Source data:
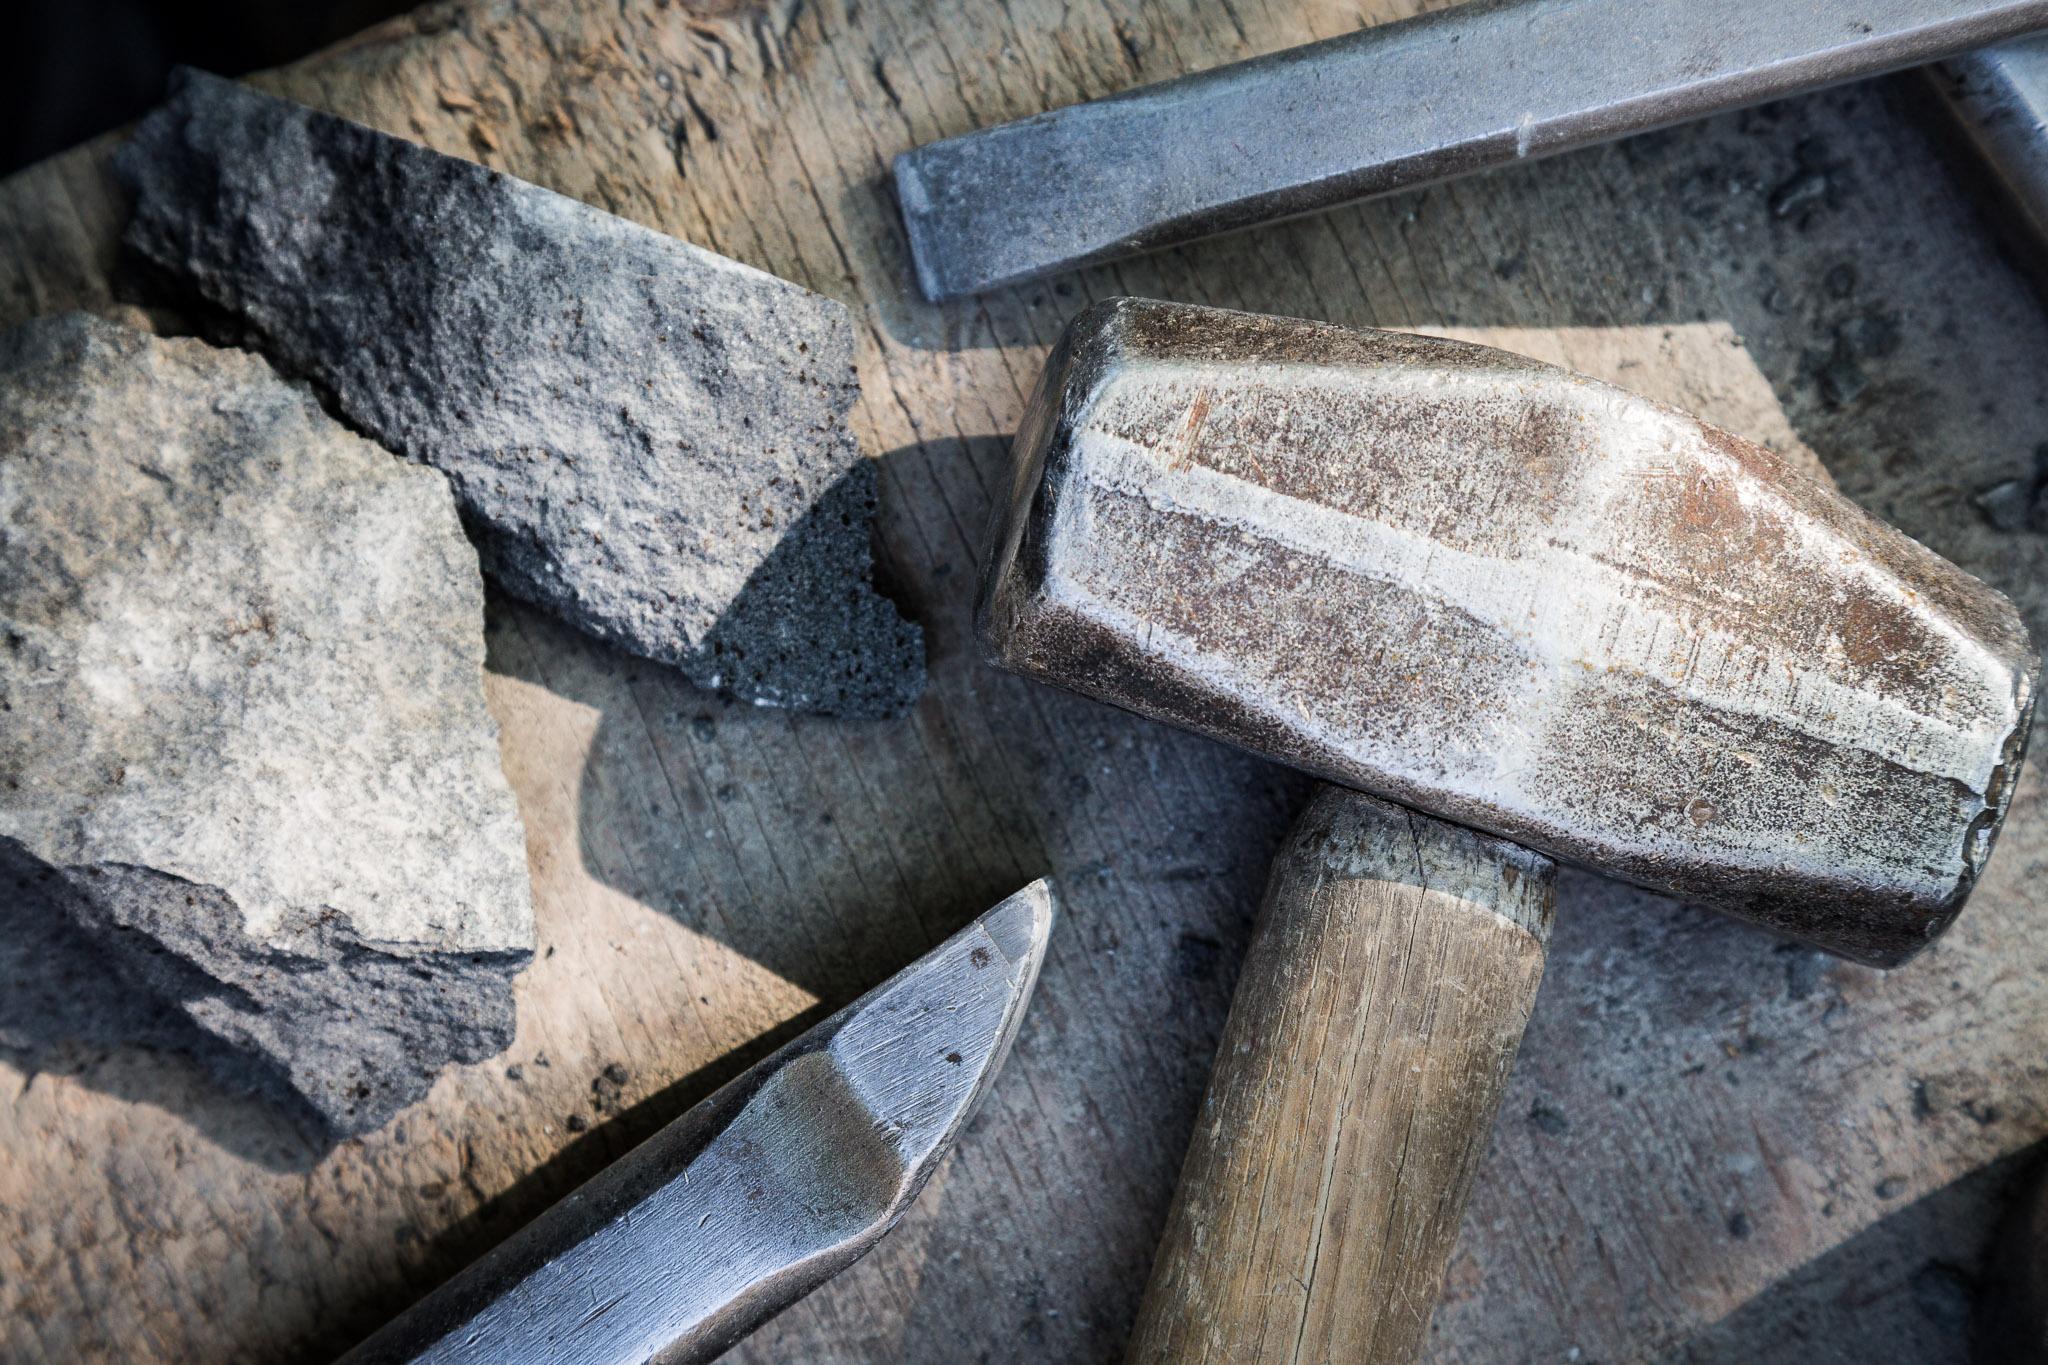 Eric Contey Stonework - timeless work in stone
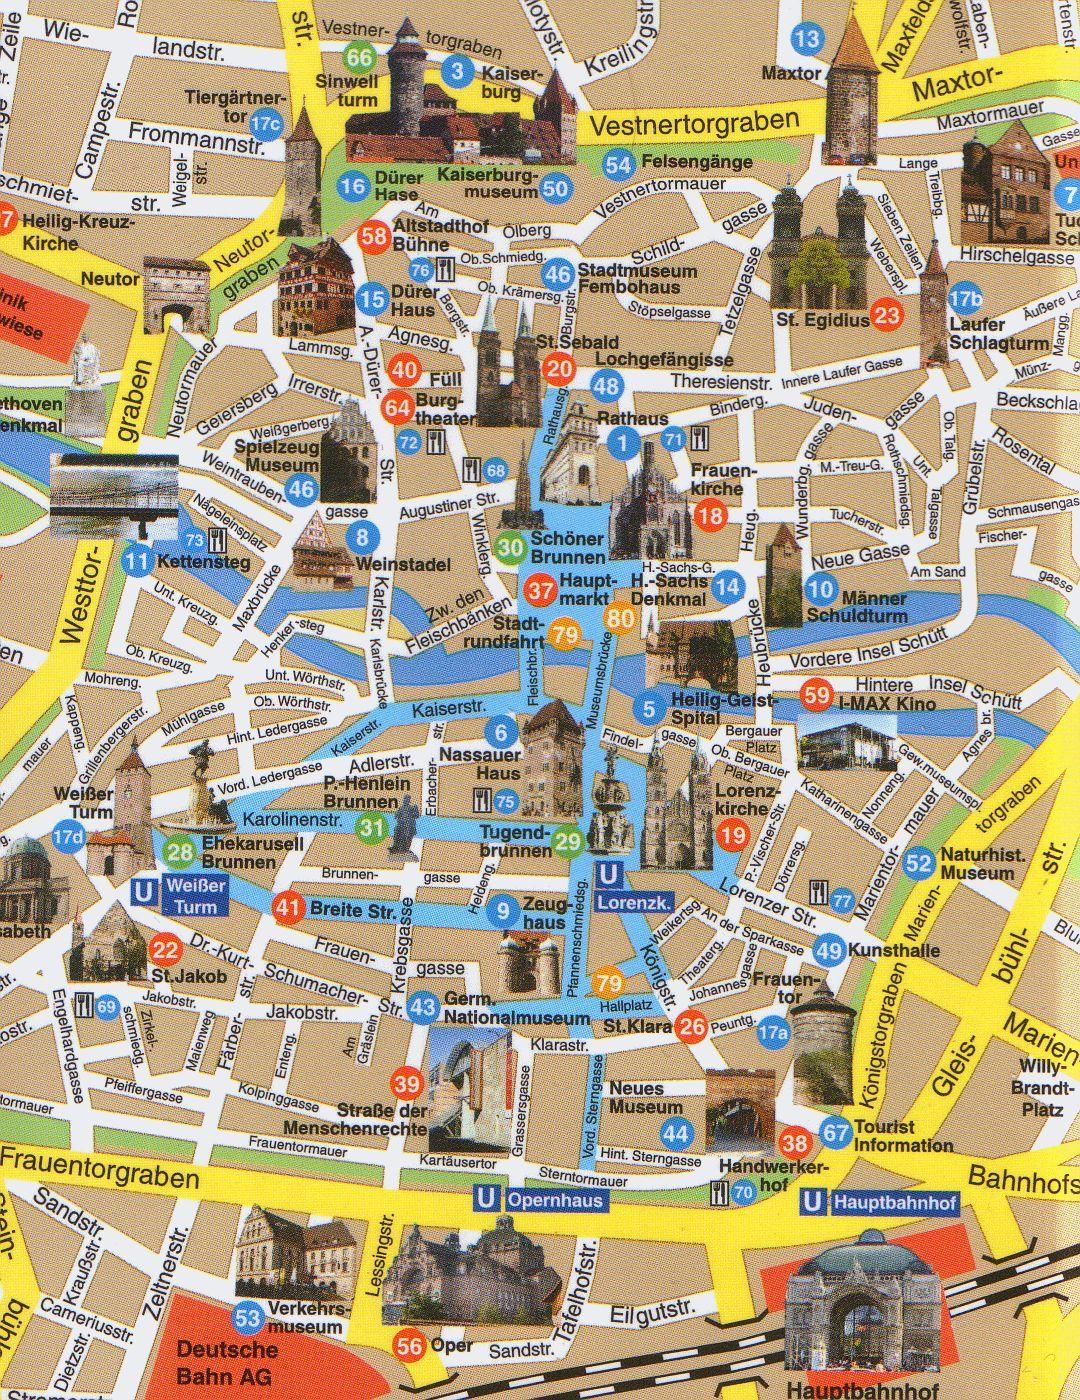 City Map Nuremberg Germany A Map To Get Around Nuremberg
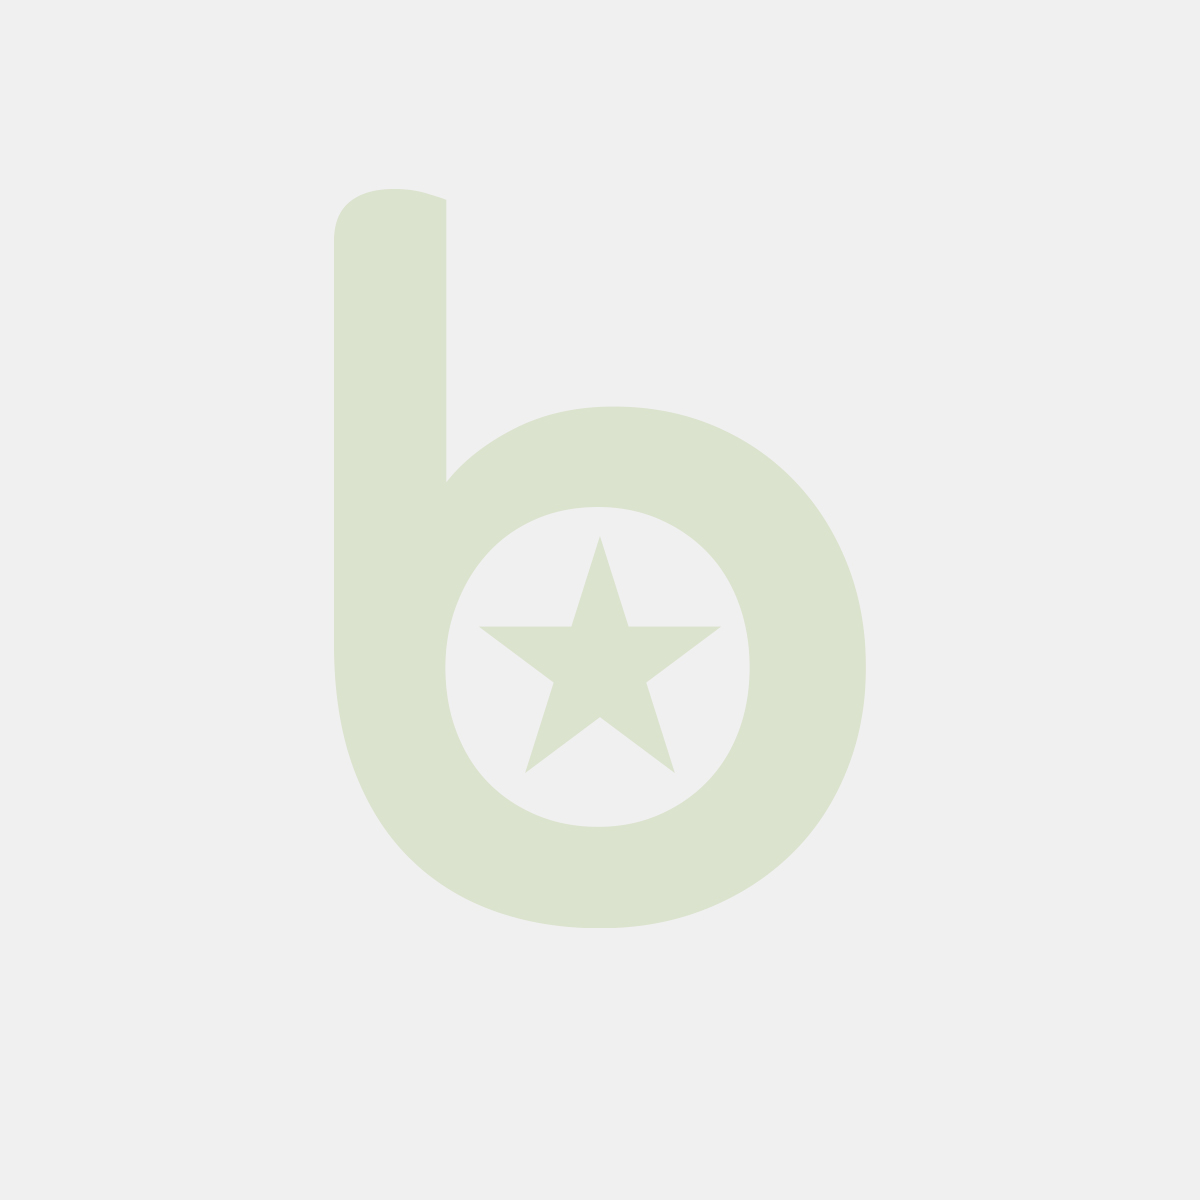 Kołozeszyt A5 Interdruk, 80 kartek, miękka oprawa
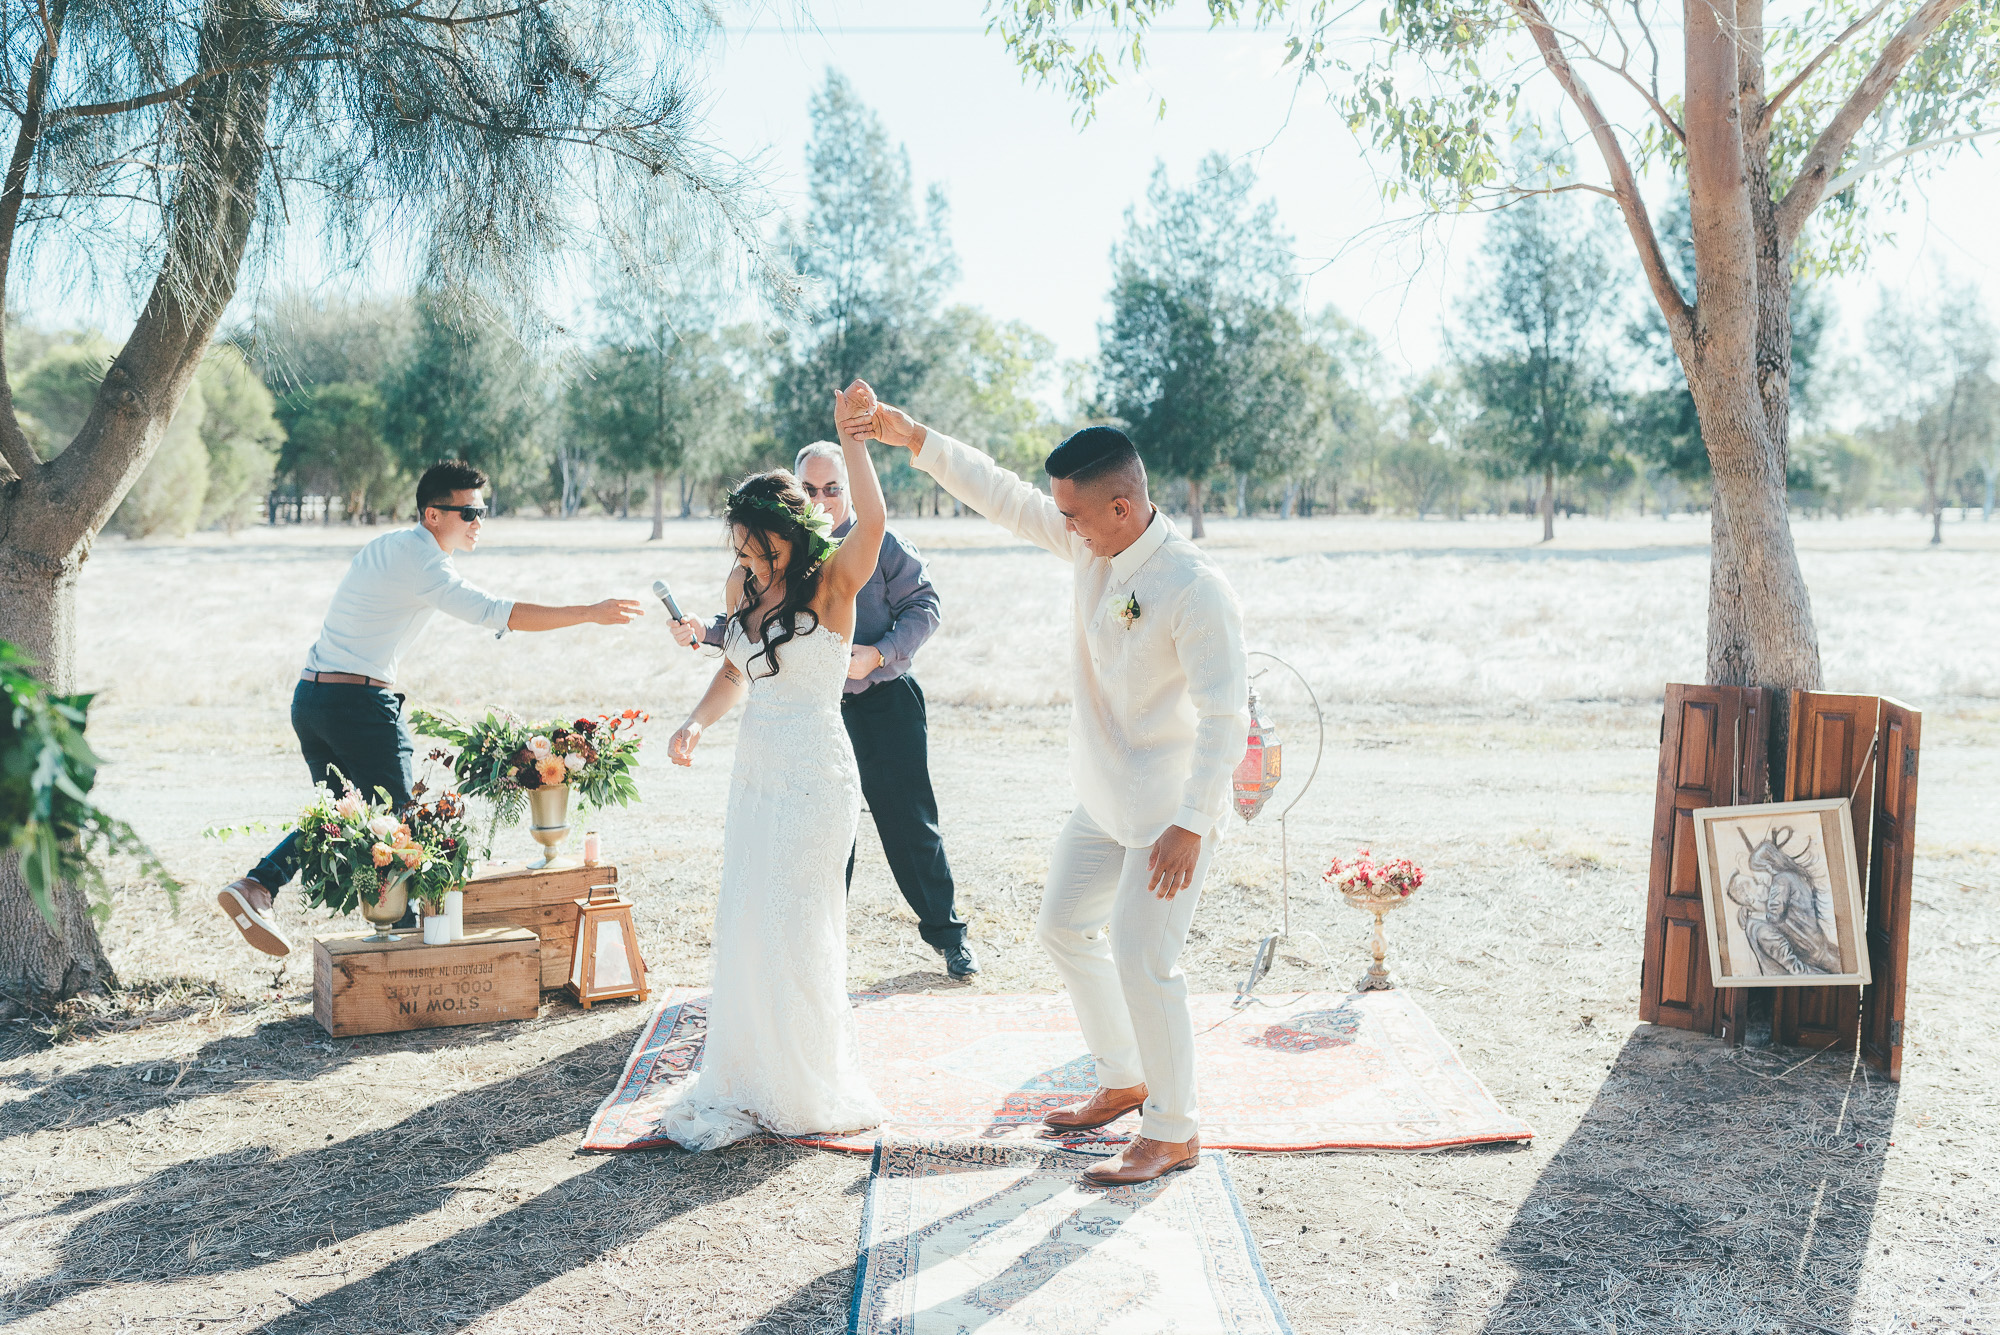 wedding-photographer-outdoor-casual-styled-los-angeles-australia-california-international-earthbound -36.jpg

What you need to do:
Your copy should run from the line that has "City Map Nuremberg" through the last line above, exactly, with both ends in and pictures out.

Answer box:
 City Map Nuremberg Germany A Map To Get Around Nuremberg
 Kołozeszyt A5 Interdruk, 80 kartek, miękka oprawa
 wedding-photographer-outdoor-casual-styled-los-angeles-australia-california-international-earthbound -36.jpg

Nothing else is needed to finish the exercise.